Bug 1593480

Summary: IndexContent step can take 20+ minutes during initial sync of a large repo
Product: Red Hat Satellite Reporter: Chris Duryee <cduryee>
Component: RepositoriesAssignee: satellite6-bugs <satellite6-bugs>
Status: CLOSED ERRATA QA Contact: vijsingh
Severity: medium Docs Contact:
Priority: high    
Version: 6.3.1CC: zhunting
Target Milestone: 6.6.0Keywords: FieldEngineering, Performance, PrioBumpField, PrioBumpQA, Triaged
Target Release: Unused   
Hardware: Unspecified   
OS: Unspecified   
Whiteboard:
Fixed In Version: Doc Type: If docs needed, set a value
Doc Text:
Story Points: ---
Clone Of: Environment:
Last Closed: 2019-10-22 12:46:42 UTC Type: Bug
Regression: --- Mount Type: ---
Documentation: --- CRM:
Verified Versions: Category: ---
oVirt Team: --- RHEL 7.3 requirements from Atomic Host:
Cloudforms Team: --- Target Upstream Version:
Embargoed:

Description Chris Duryee 2018-06-20 23:54:51 UTC
Description of problem:

If you on-demand sync a large repo like RHEL7 Server x86_64, the Pulp sync will take about 15-20 minutes. However, the IndexContent step will take even longer, perhaps 20-30 minutes.

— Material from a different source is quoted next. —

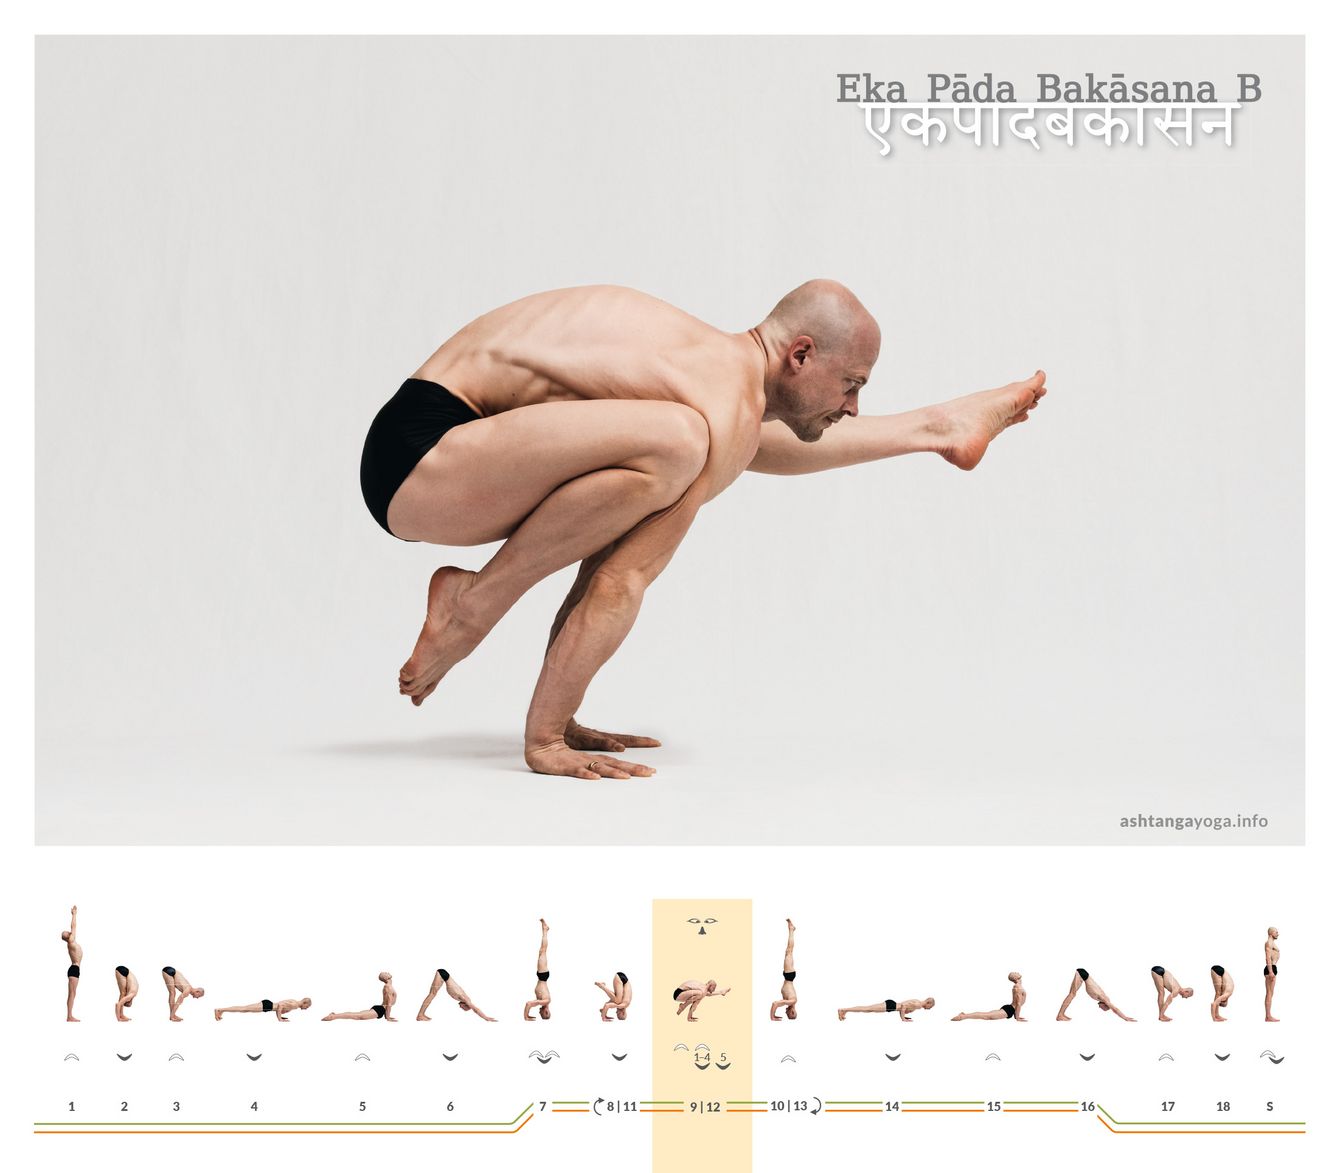 Eka Pada Bakasana, or One-Legged Crow Pose, is, in variation B, an advanced yoga pose balancing on arms. One knee is supported on an elbow and the other leg extended forward.
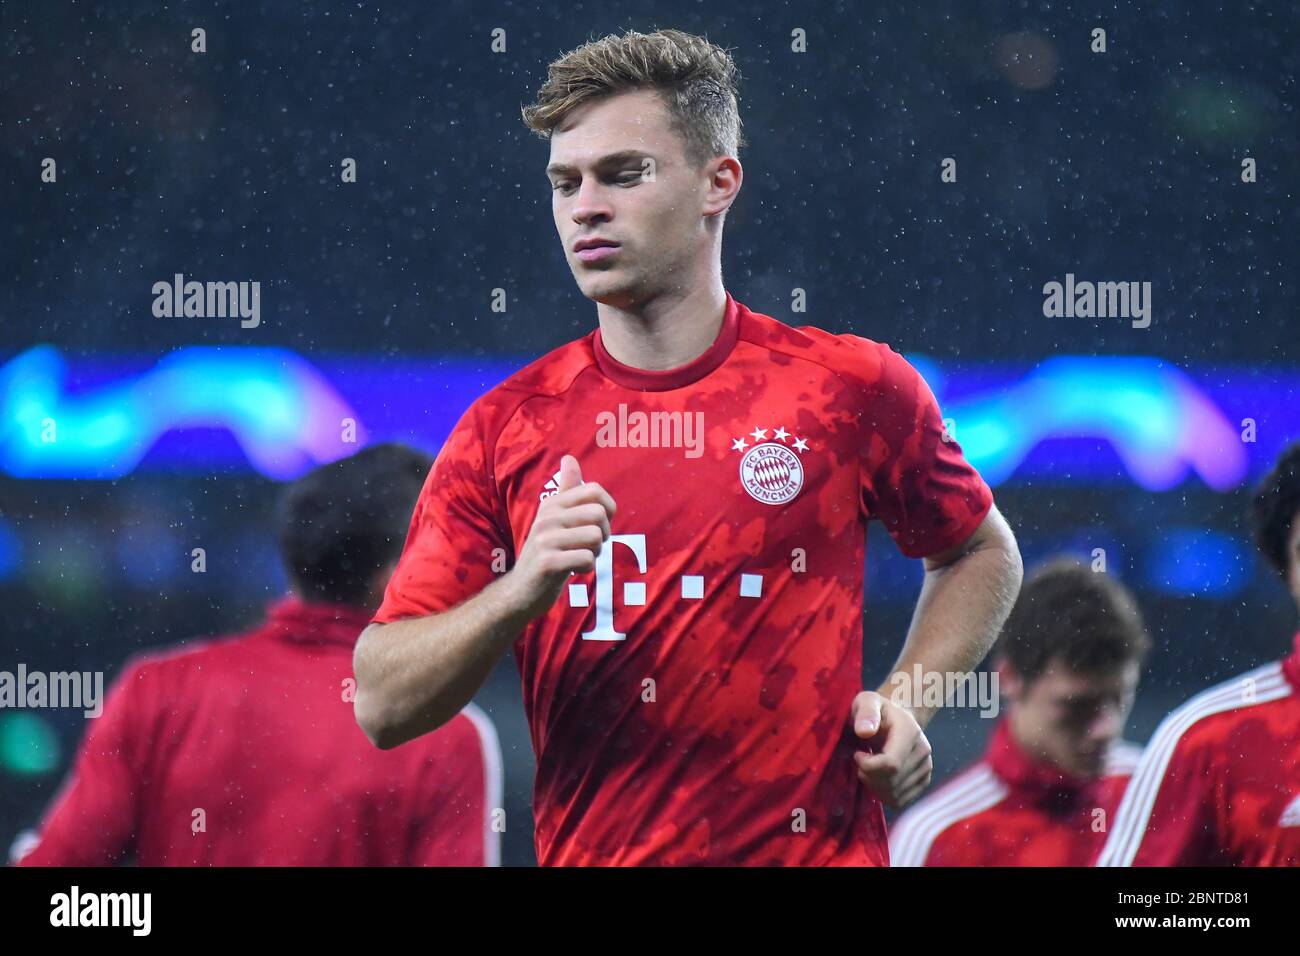 LONDON, ENGLAND - OCTOBER 1, 2019: Joshua Kimmich of Bayern pictured ahead of the 2019/20 UEFA Champions League Group B game between Tottenham Hotspur FC (England) and Bayern Munchen (Germany) at Tottenham Hotspur Stadium. Stock Photo

It looks like most of the time is spent in import_all (logging added by me):

2018-06-20T21:53:50 [W|app|] begin import_all Katello::Pulp::Rpm
2018-06-20T22:06:47 [W|app|] end import_all Katello::Pulp::Rpm
2018-06-20T22:06:49 [W|app|] begin import_all Katello::Pulp::Srpm
2018-06-20T22:06:49 [W|app|] end import_all Katello::Pulp::Srpm
2018-06-20T22:06:51 [W|app|] begin import_all Katello::Pulp::Erratum
2018-06-20T22:18:21 [W|app|] end import_all Katello::Pulp::Erratum
2018-06-20T22:18:21 [W|app|] begin import_all Katello::Pulp::PackageGroup
2018-06-20T22:18:24 [W|app|] end import_all Katello::Pulp::PackageGroup

I think most of the time is spent in the loop in https://github.com/Katello/katello/blob/master/app/models/katello/concerns/pulp_database_unit.rb#L51-L57, where each unit is loaded individually. Resyncs do not take nearly as long.

Syncing one or more large repos is extremely common when setting up a Katello installation, so any time savings here would be a big deal.


Version-Release number of selected component (if applicable): 6.3.1


How reproducible: every time


Steps to Reproduce:
1. load a manifest
2. enable rhel 7 server repo
3. sync repo

Actual results: IndexContent step takes 20-30 minutes

Expected results: IndexContent step takes 10 minutes or less

Comment 3 Satellite Program 2018-12-06 21:12:00 UTC
Upstream bug assigned to cfouant

Comment 4 Satellite Program 2018-12-06 21:12:03 UTC
Upstream bug assigned to cfouant

Comment 5 Satellite Program 2018-12-11 03:11:23 UTC
Moving this bug to POST for triage into Satellite 6 since the upstream issue https://projects.theforeman.org/issues/24024 has been resolved.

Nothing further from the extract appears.